Selten begegnet die Kamera Tieren mit Empathie. Die übliche Tierdokumentation appelliert an den Sinn für das Niedliche und Drollige. Man will das Tier dann knuddeln oder belächeln. Nicht alle Tiere eignen sich gleichermaßen. Wer will schon Insekten knuddeln? Und doch gelingt es Markus Imhoof in „More Than Honey“, beim Zuschauer große Anteilnahme für seine Hauptdarsteller zu wecken: Es sind Bienen. Wenn die Bienen aussterben, stirbt der Mensch vier Jahre später aus, soll Albert Einstein gesagt haben. Immerhin machen Bienen nicht nur Honig, sondern sind über Bestäubung an der Herstellung eines Drittels der menschlichen Nahrung beteiligt.

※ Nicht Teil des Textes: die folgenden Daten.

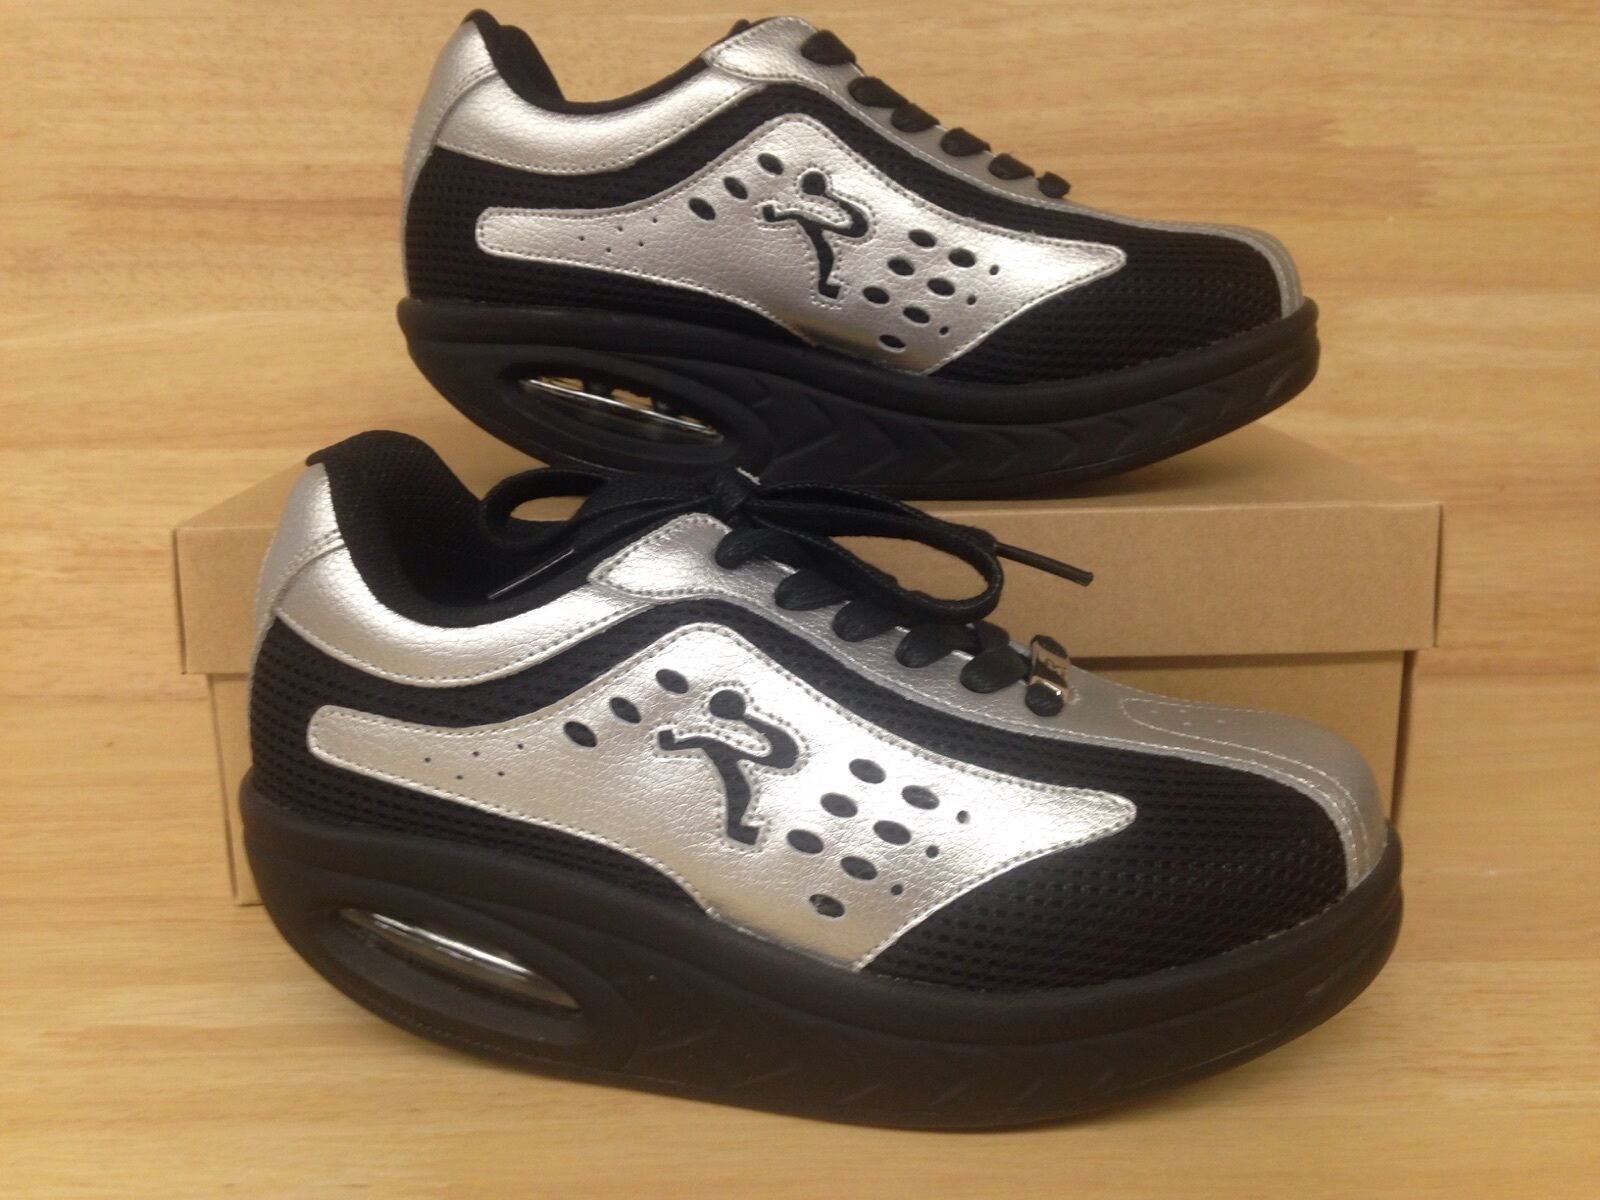 Ryn Nazca Black & Silver US Size 6.5 (Kor 235, Eu 37.0, )

Das weltweite Bienensterben sei ein Mysterium, hieß es lange. Imhoof ist den Ursachen in den USA, China und der Schweiz nachgegangen – sie sind nicht sonderlich geheimnisvoll. Natürlich hängen sie mit unseren Umweltsünden und unserer Gier zusammen. Gezeigt wird ein industrieller Imker, der seine Völker an Plantagenbesitzer ausleiht und seine Stöcke kreuz und quer durch die Staaten fährt. Wenn es in den Bäumen summt und der Sprühwagen mit dem Fungizid vorbeikommt, kann er nur hoffen, dass es nicht allzu viele seiner Bienen erwischt. Vergeblich: Das Zeug bleibt in den Härchen der Biene hängen; wenn sie nicht an Ort und Stelle stirbt, trägt sie das Gift in den Stock. Der Reisestress ist groß, ohne Antibiotika wären die Bienen nicht lebensfähig.
Das zu sehen tut dem Zuschauer weh. In Mittelamerika sind unterdes Killerbienen entstanden, die man nur noch mit der Unerschrockenheit eines Cowboys halten kann. Diese neue Rasse wäre durchaus in der Lage, sich mit denen anzulegen, die ihre Spezies mit dem Aussterben bedrohen. Man kann sie nach diesem Film nur allzu gut verstehen.

More Than Honey Schweiz/ Dtl. 2012. Buch & Regie: Markus Imhoof, Kamera: Jörg Jeshel. 90 Min., Farbe. FSK o. A.